Prompt
Only lines, not pictures: please repeat exactly the lines from the one with "Пражский телеграф (газета)." through the end of the listing.

Given data

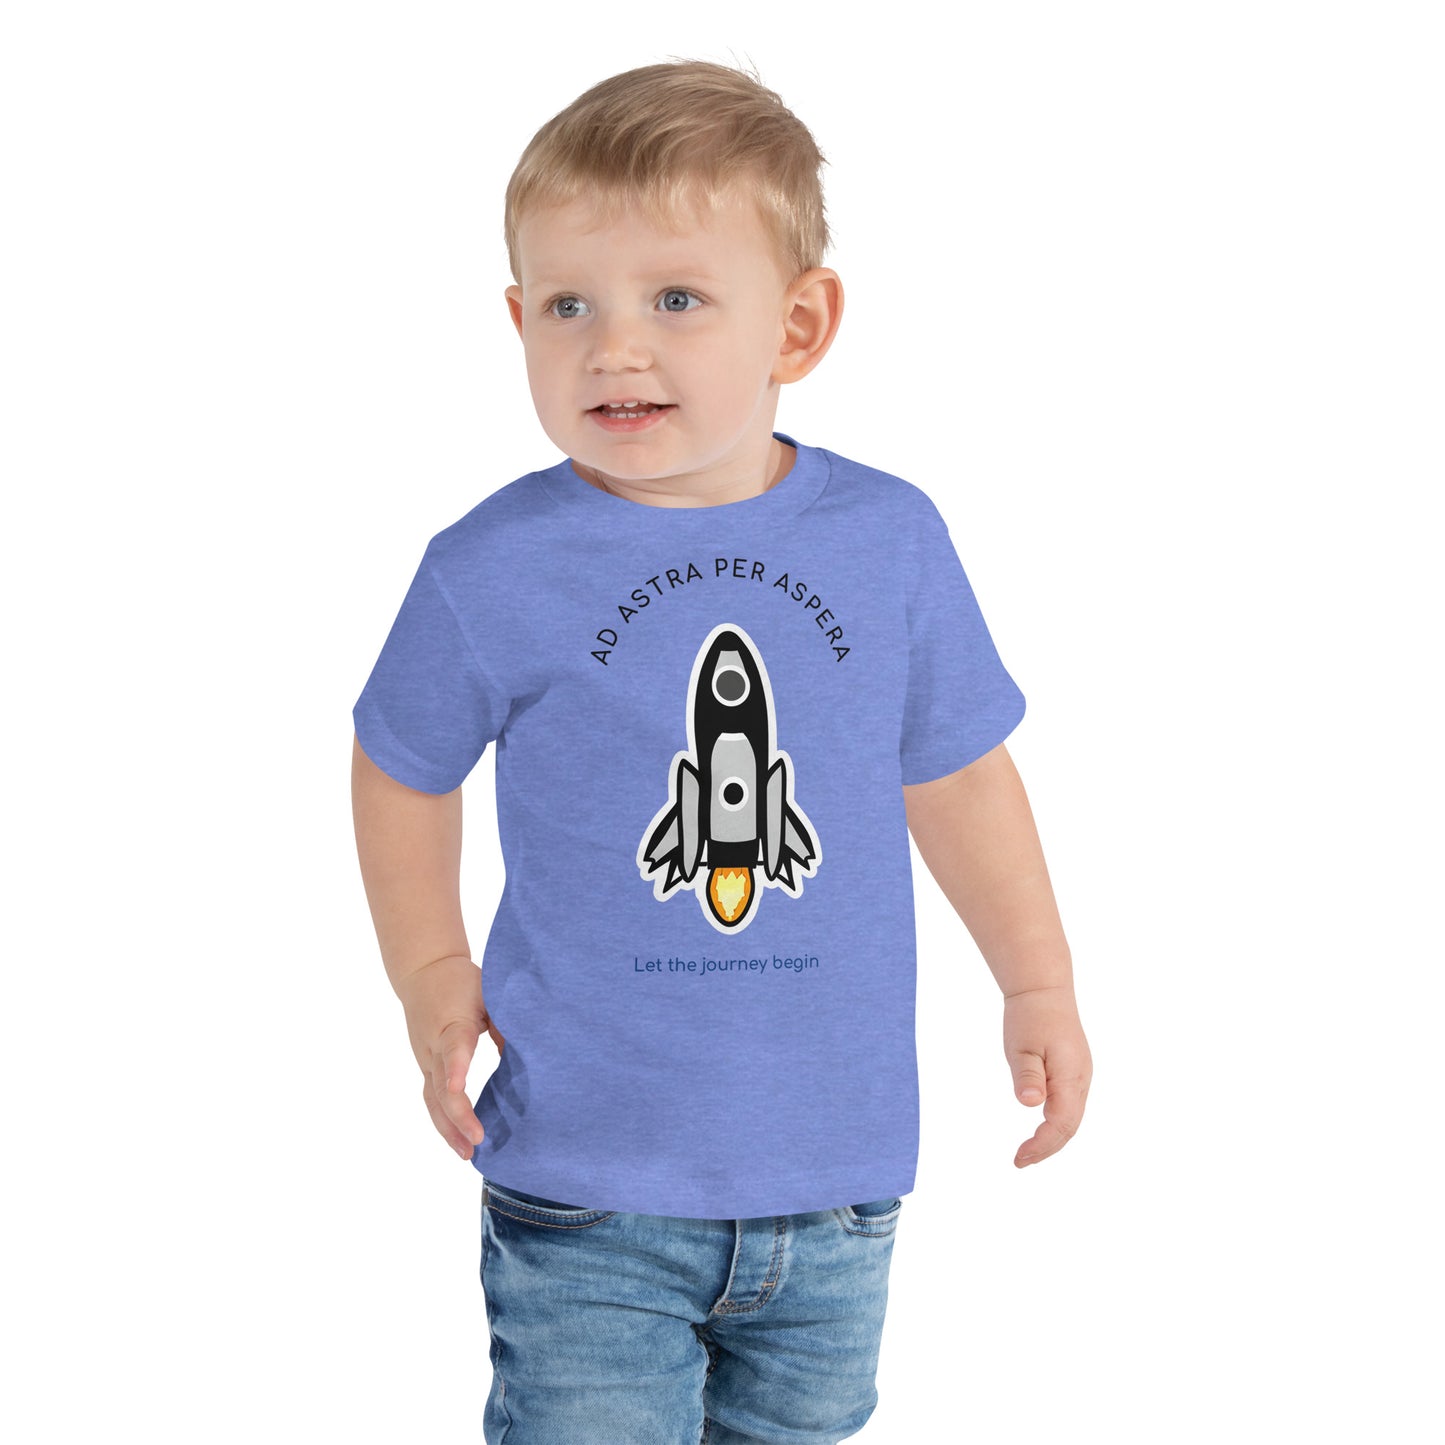 young boy wearing blue rocketship shirt
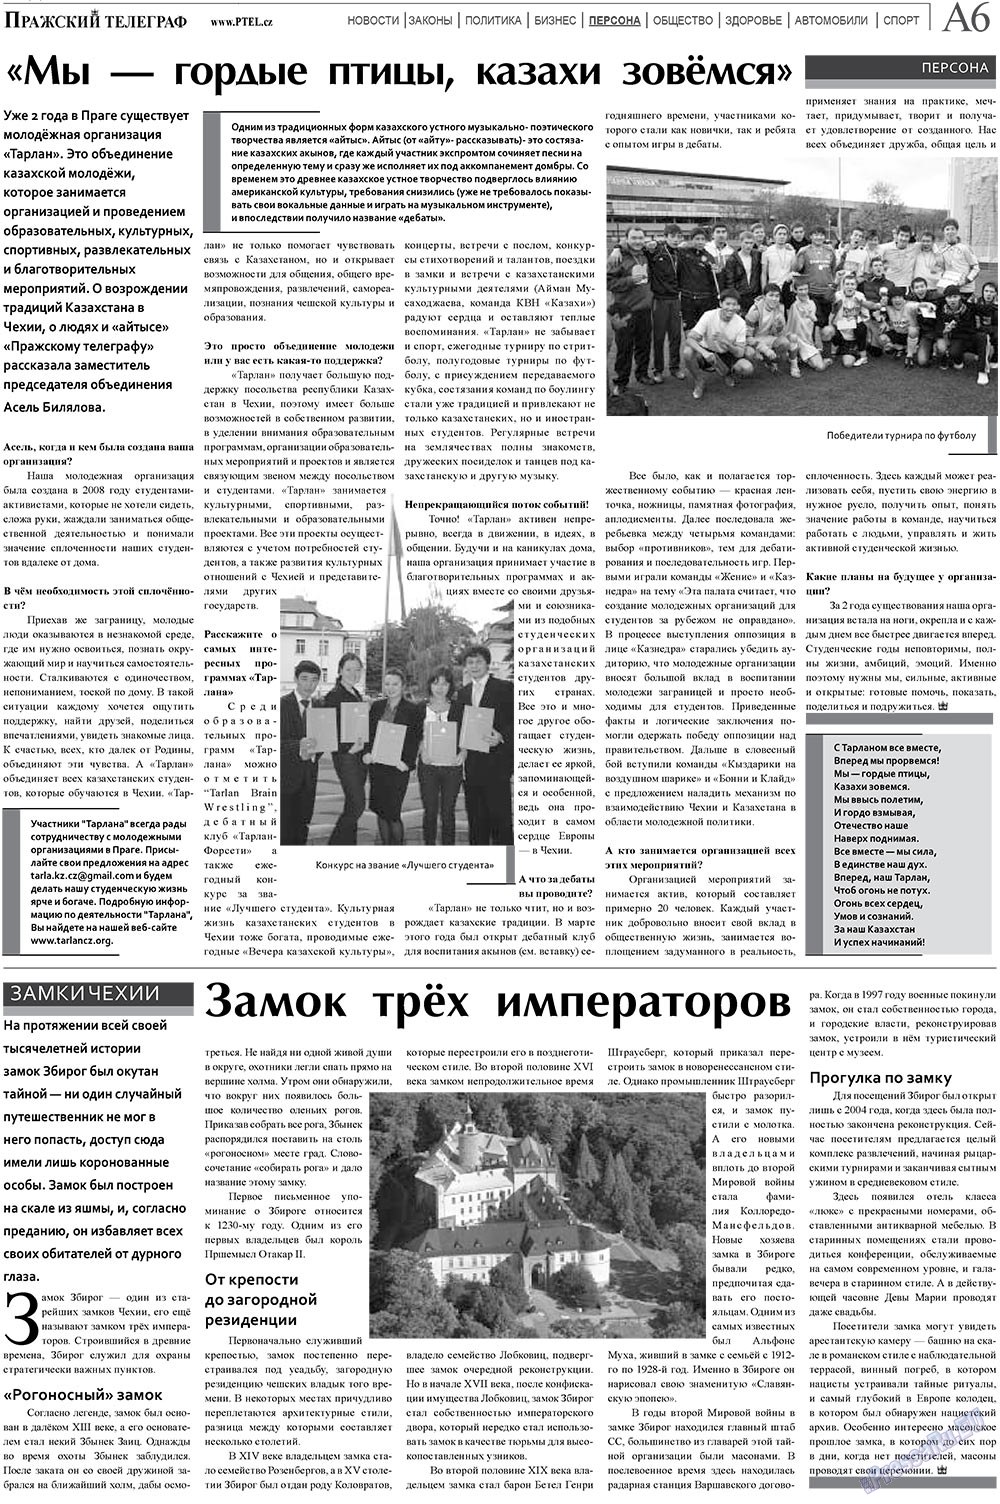 Пражский телеграф (газета). 2010 год, номер 45, стр. 6
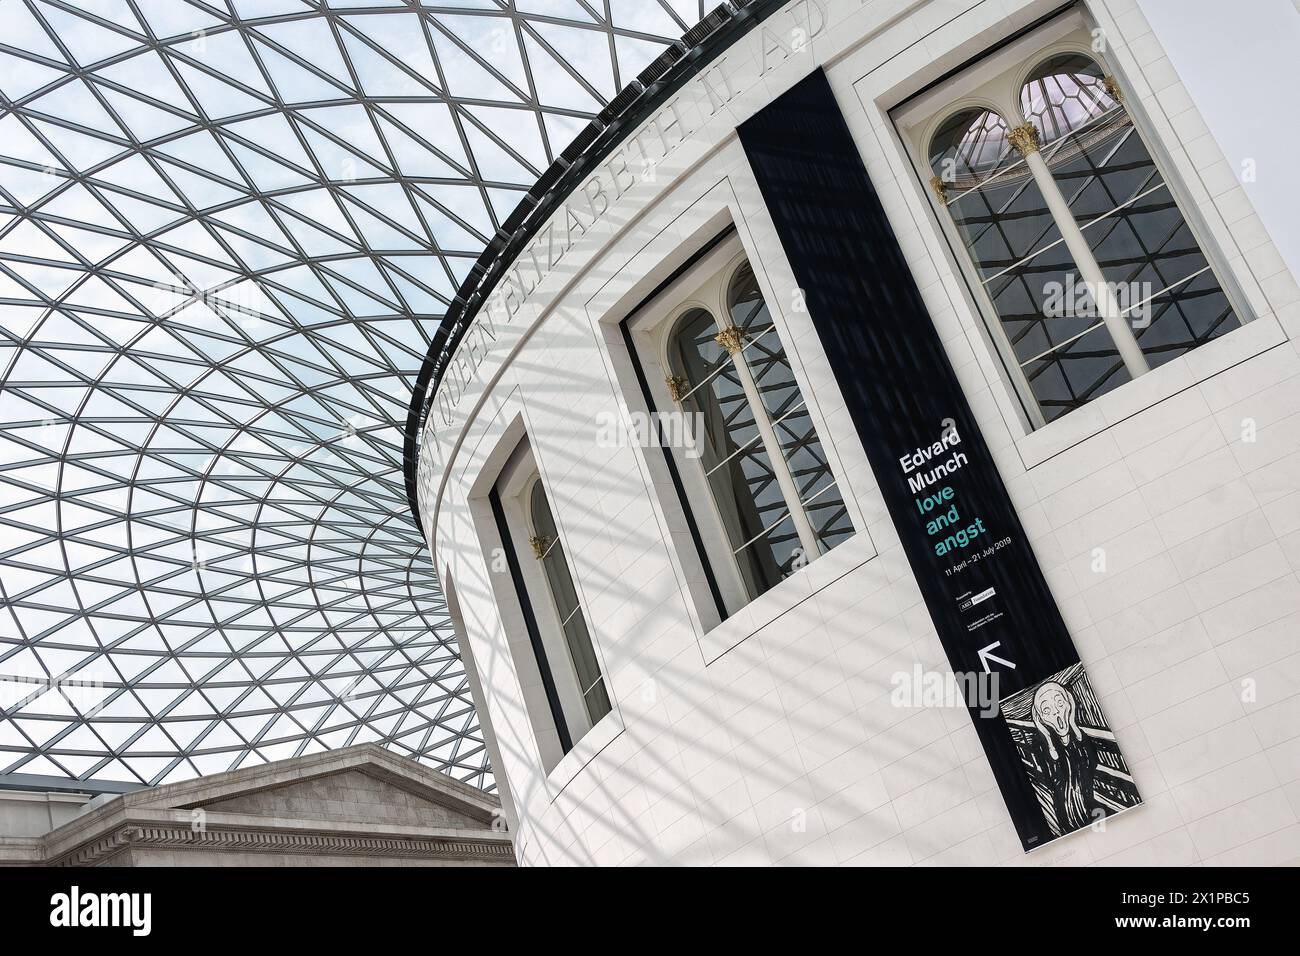 Londres, Royaume-Uni - 10 mai 2019 - exposition Edvard Munch au British Museum Banque D'Images

Reply
 Пражский телеграф (газета). 2010 год, номер 45, стр. 6
 Londres, Royaume-Uni - 10 mai 2019 - exposition Edvard Munch au British Museum Banque D'Images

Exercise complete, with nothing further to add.